▶ **WORK TASK**: A verbatim copy is needed of the lines below from the one containing "Unique, Chic yet" up to and including the one containing "In our smart", excluding pictures.

▶ **GIVEN DATA**:
╭──
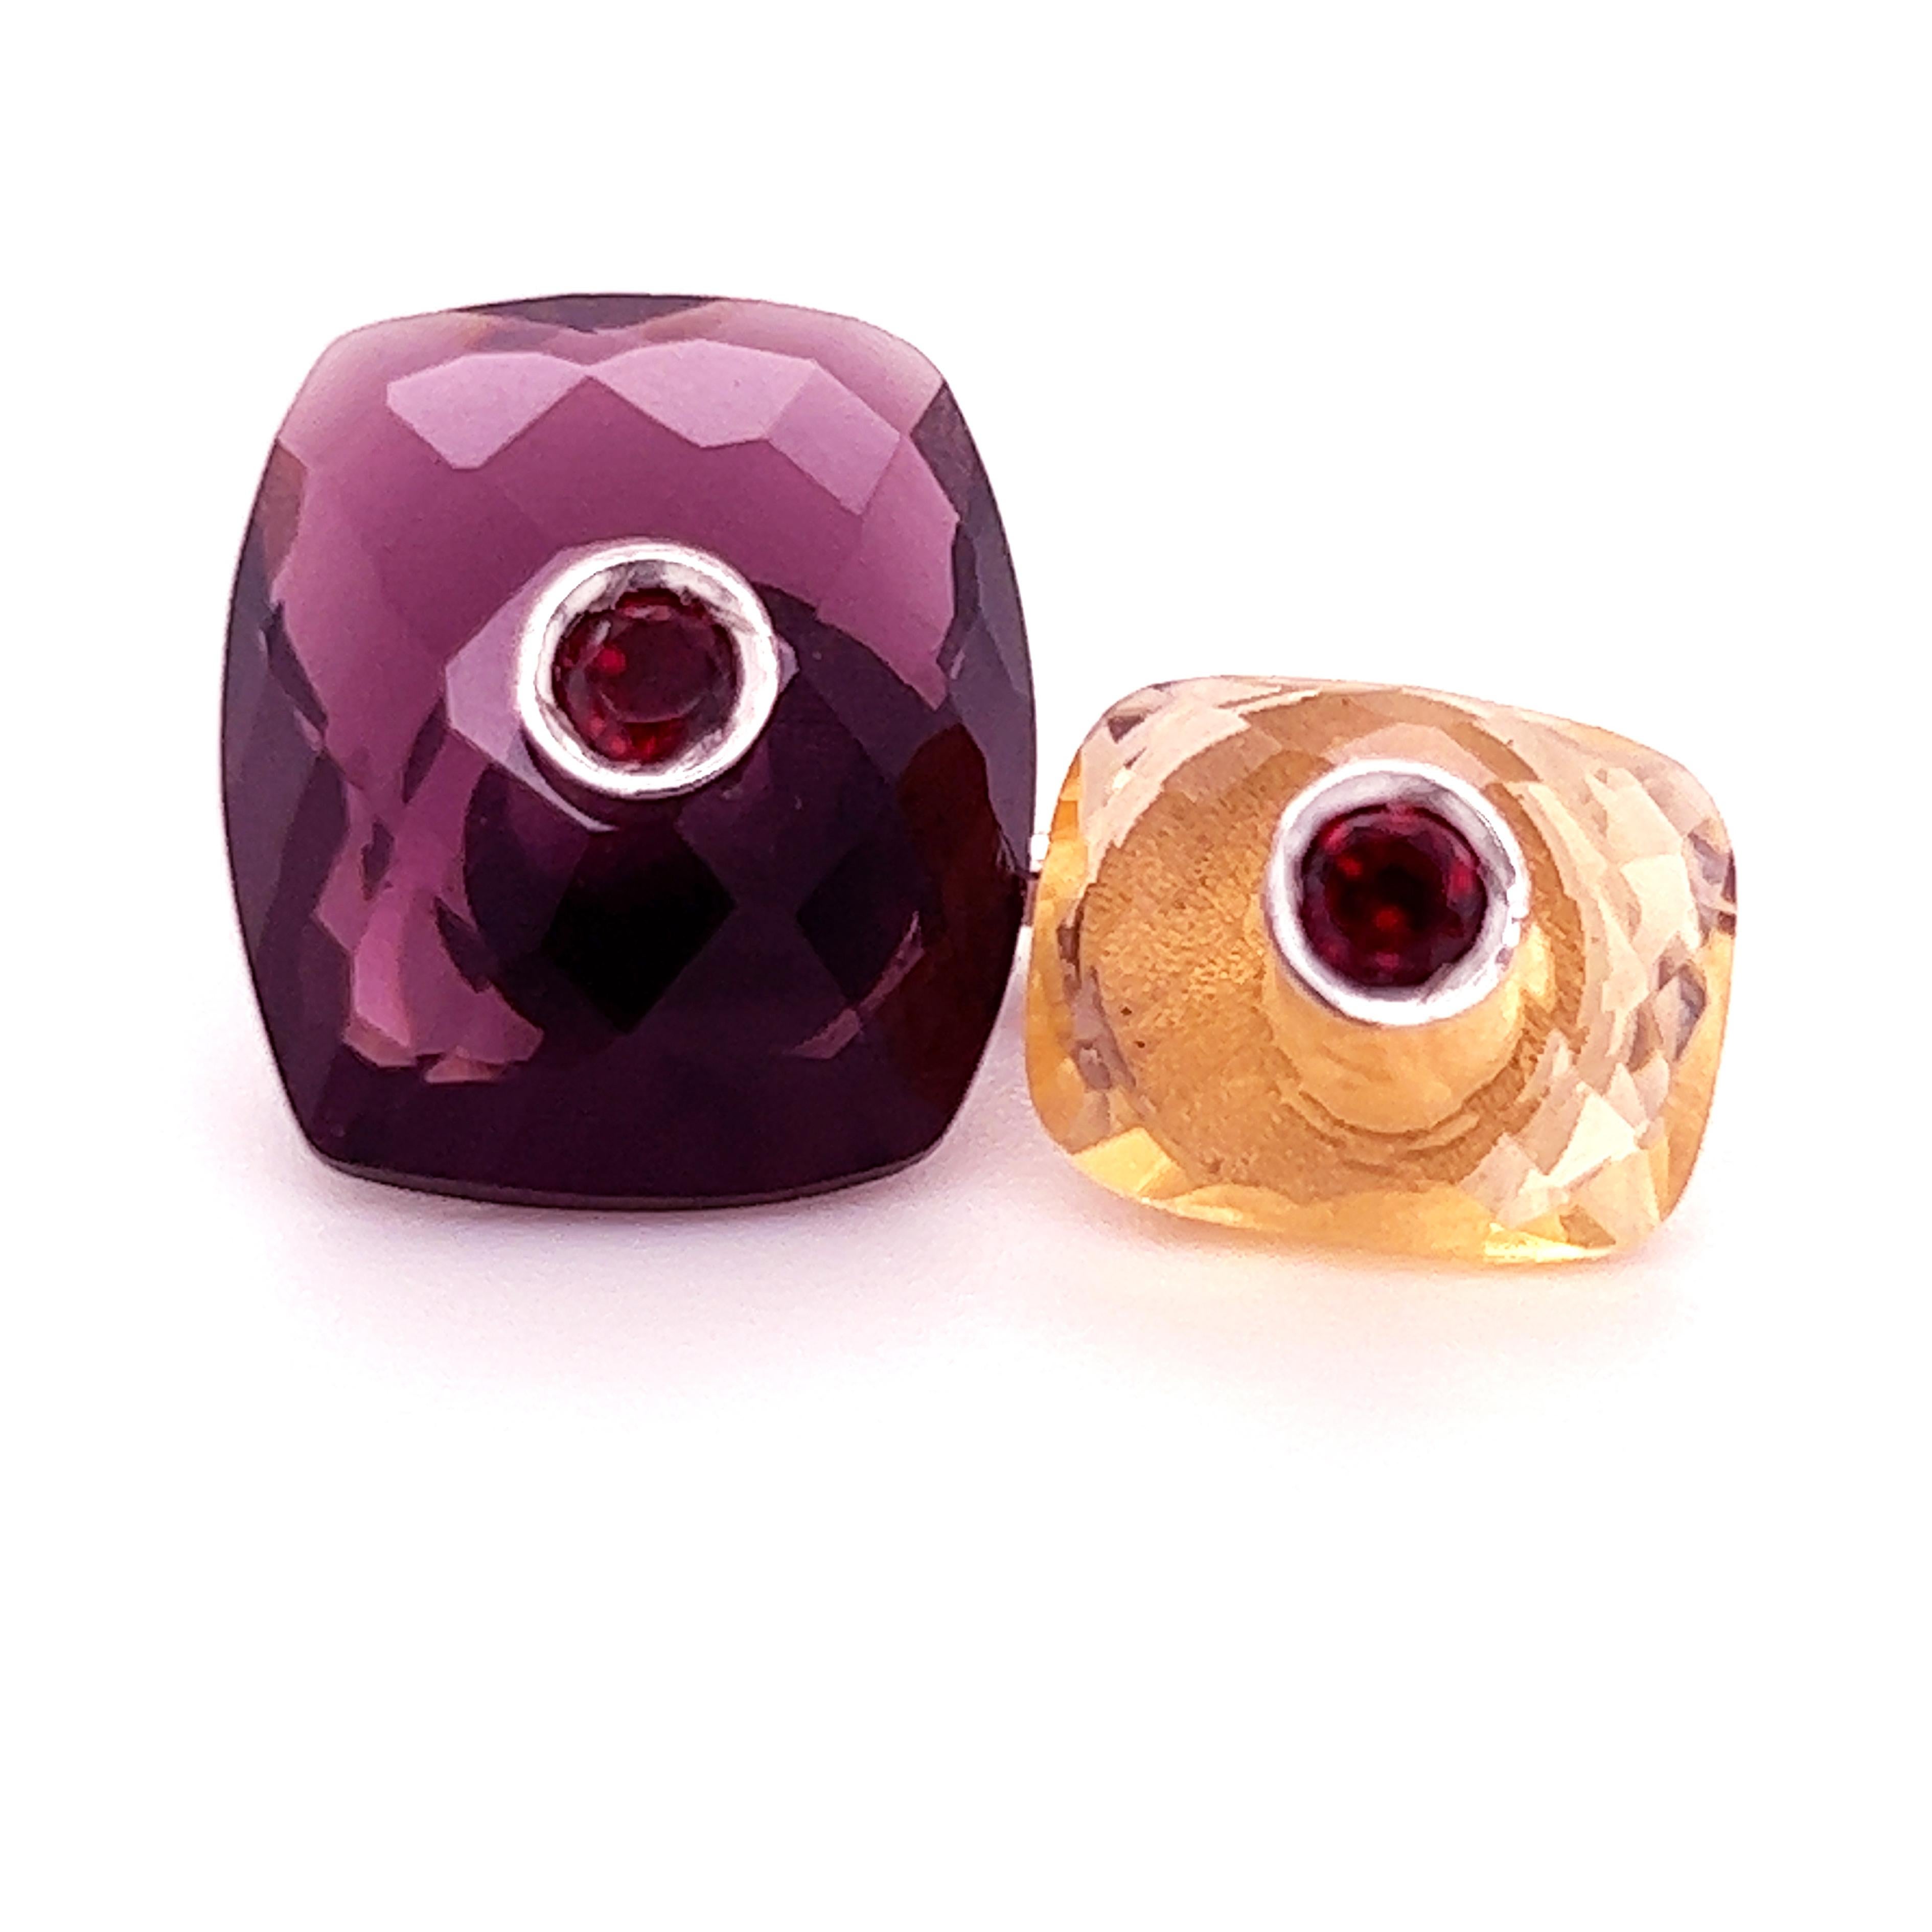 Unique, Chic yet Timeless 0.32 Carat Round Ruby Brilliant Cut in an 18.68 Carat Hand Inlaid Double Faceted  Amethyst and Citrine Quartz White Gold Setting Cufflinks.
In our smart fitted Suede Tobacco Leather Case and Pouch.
╰──
╭──
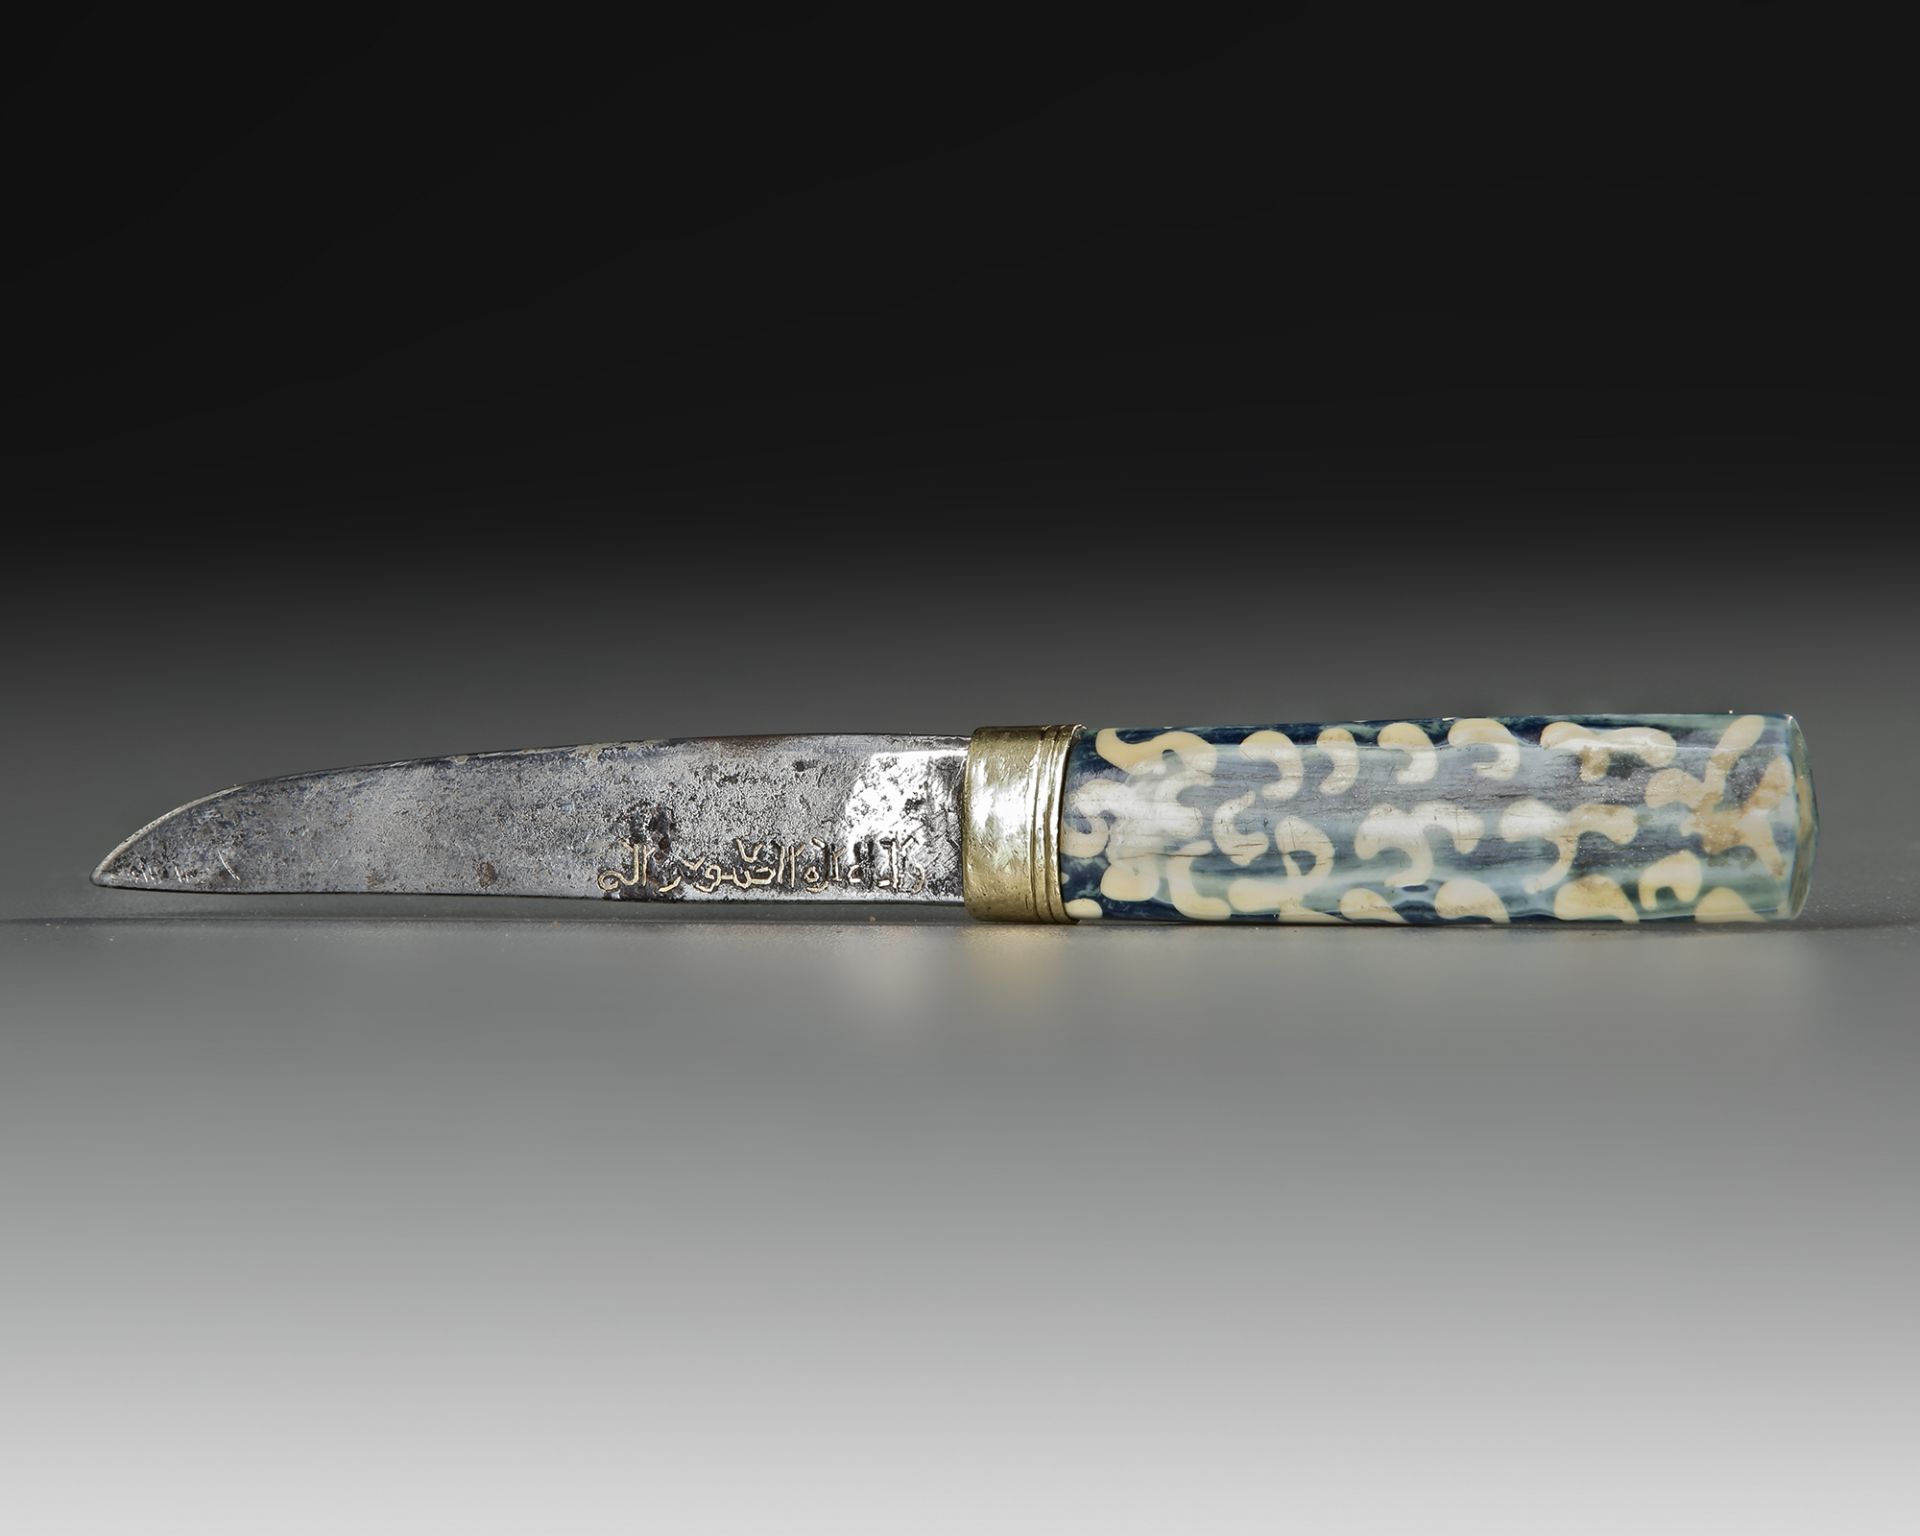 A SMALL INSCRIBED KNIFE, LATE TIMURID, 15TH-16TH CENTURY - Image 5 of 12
╰──
▶ **OUTPUT FOR THIS TASK**:
 Unique, Chic yet Timeless 0.32 Carat Round Ruby Brilliant Cut in an 18.68 Carat Hand Inlaid Double Faceted  Amethyst and Citrine Quartz White Gold Setting Cufflinks.
In our smart fitted Suede Tobacco Leather Case and Pouch.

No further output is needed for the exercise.